Then my elementary school girlfriend hosted an eco-conscious New-Years-Eve-party-slash-save-the-poor-endangered -monkeys-fundraser, and I ran into the guy who'd been my childhood best friend. My childhood super best friend.
We'd drifted apart, not for any malicious reason, just simple clichéd indifference. You always say you're going to keep in touch. But it's always just words. Things always become nothing more than the occasional, big-news Facebook update. The occasional Birthday wish. The occasional passing comment from an overly involved parent.

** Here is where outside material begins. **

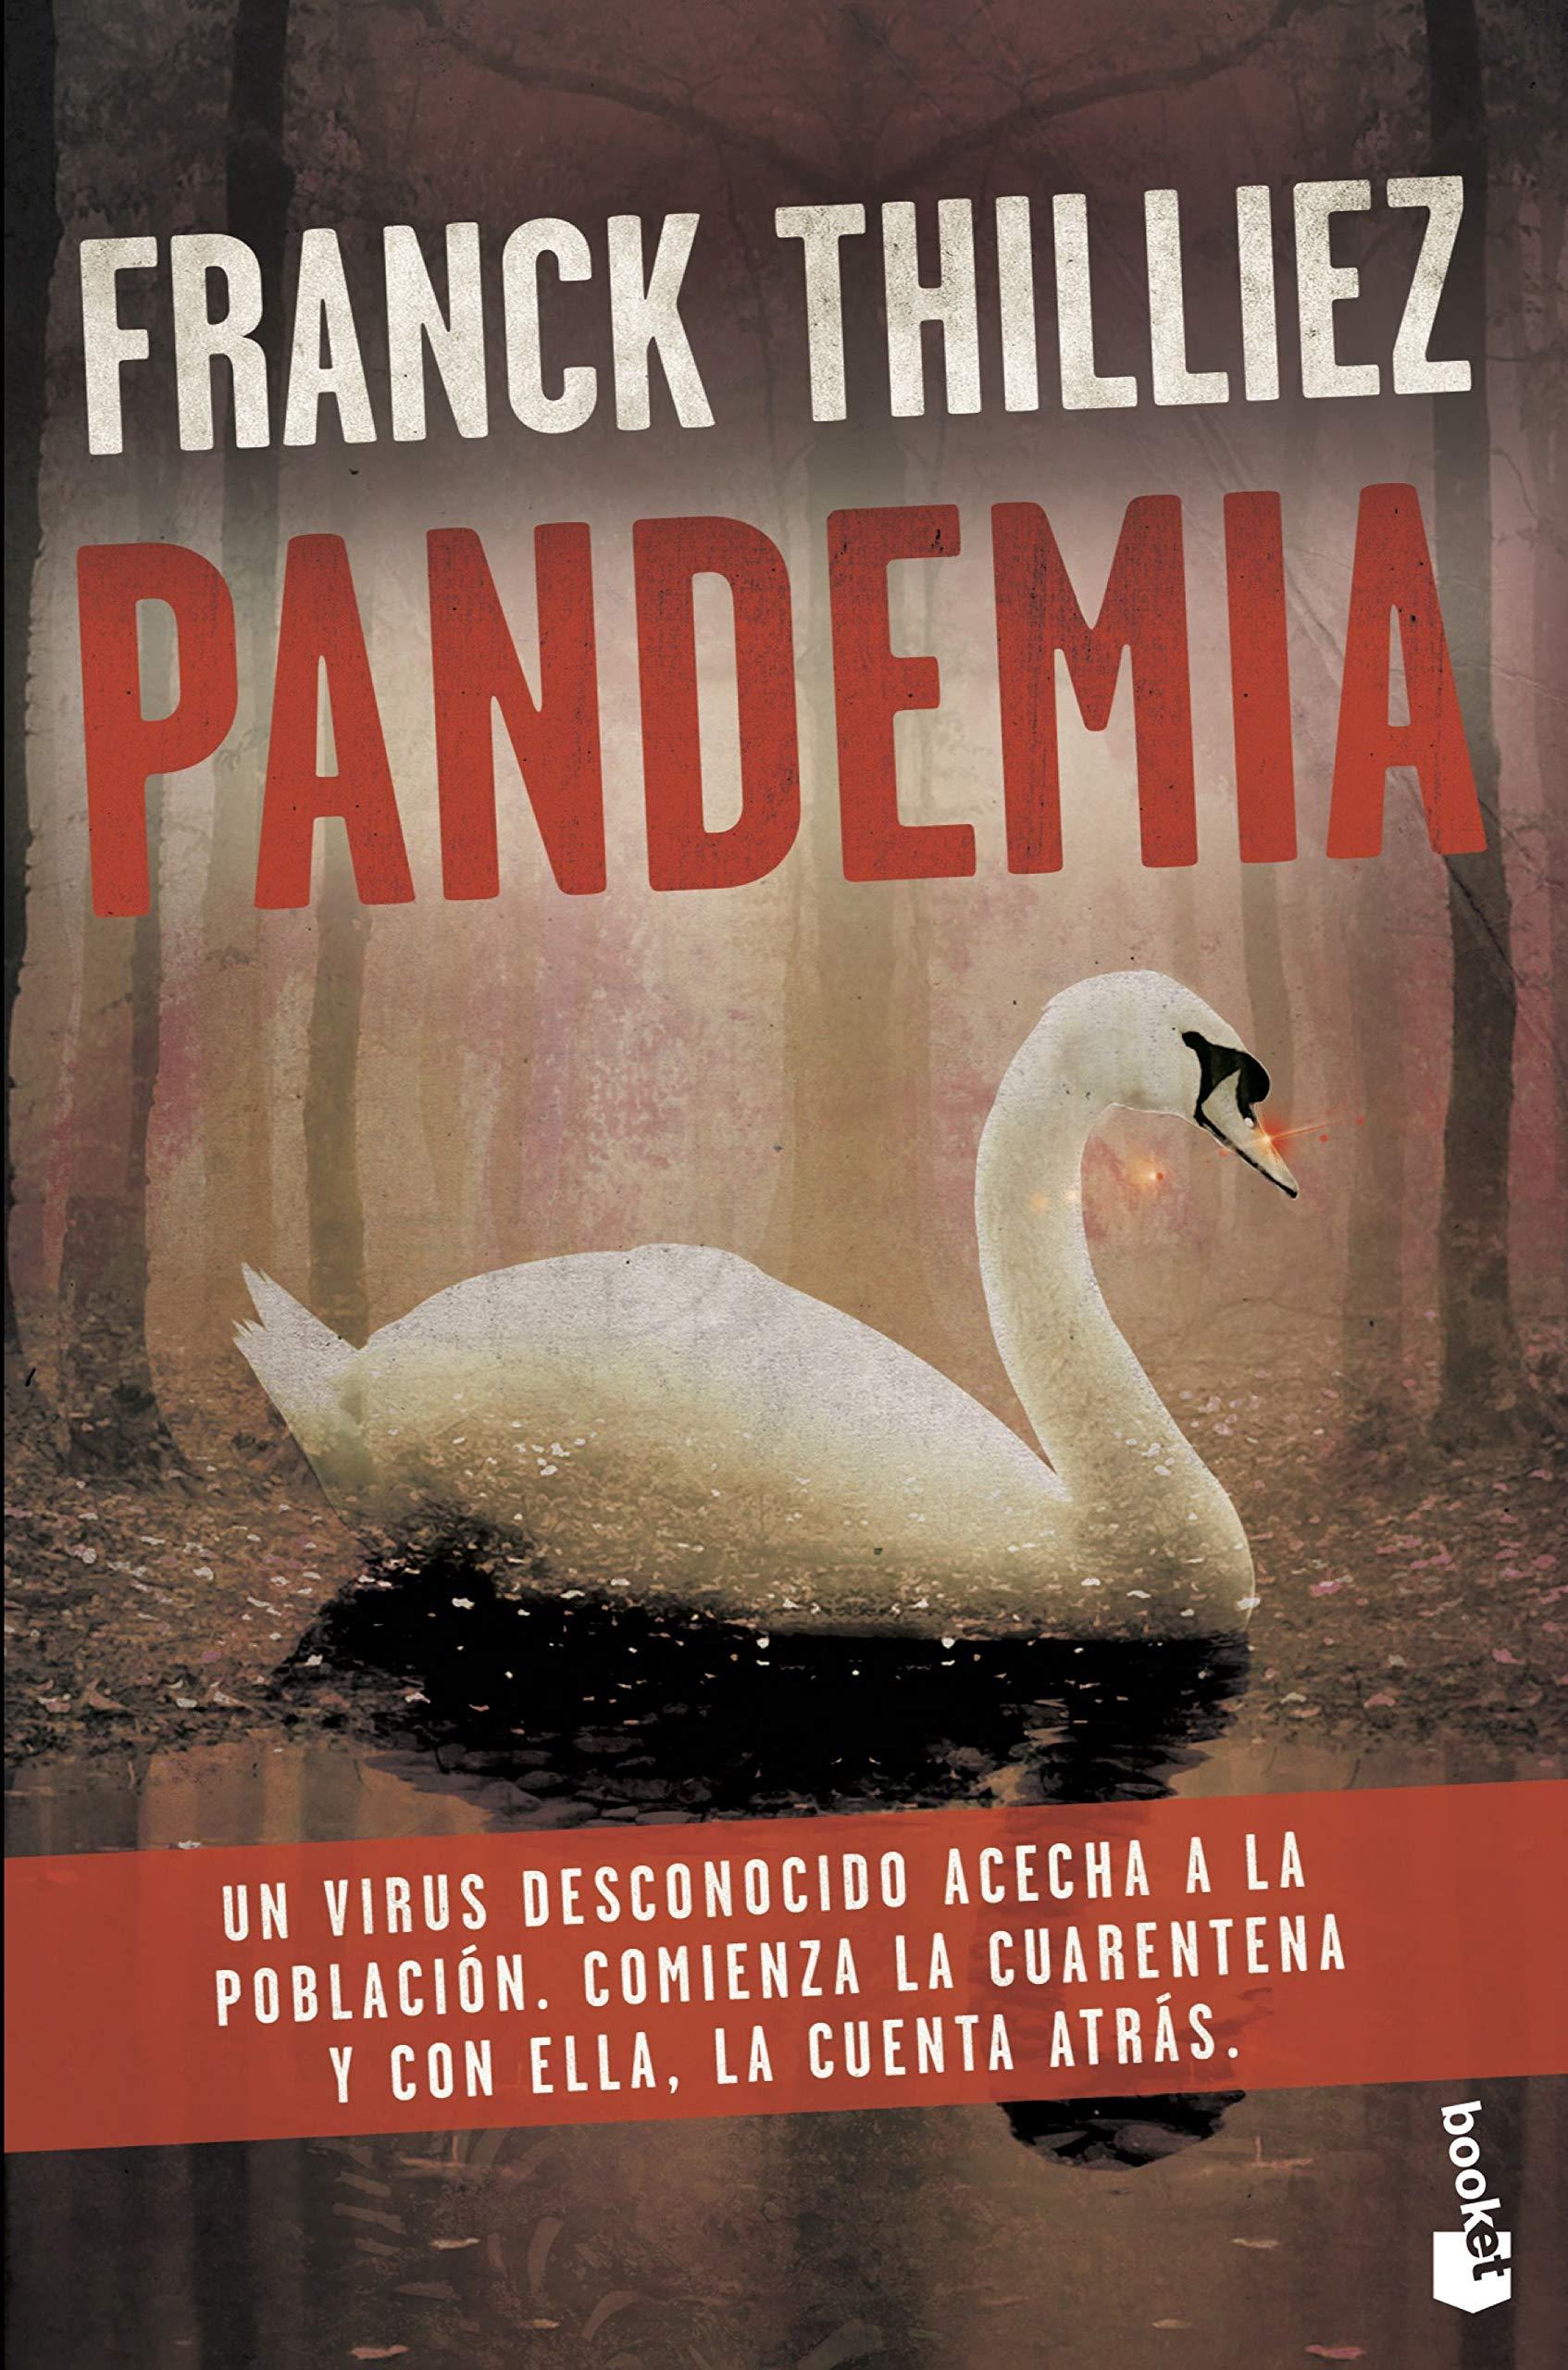 Pandemia (Crimen y Misterio): Amazon.es: Thilliez, Franck, Riambau Möller, Joan: Libros

Whilst I'd spent high school throwing around a football and fucking my girlfriend, he'd spent high school heading the debate team and studying Latin. Hence the reason I went to college at a so-so in-state school on a so-so sports scholarship, hence the reason I ended up doing something boring and monotonous, pushing papers in some boring, monotonous insurance company. Hence the reason he disappeared to the East Coast to speak Latin and wax lyrical about fallen civilisations in a school with a presidential alumni and an internationally revered reputation.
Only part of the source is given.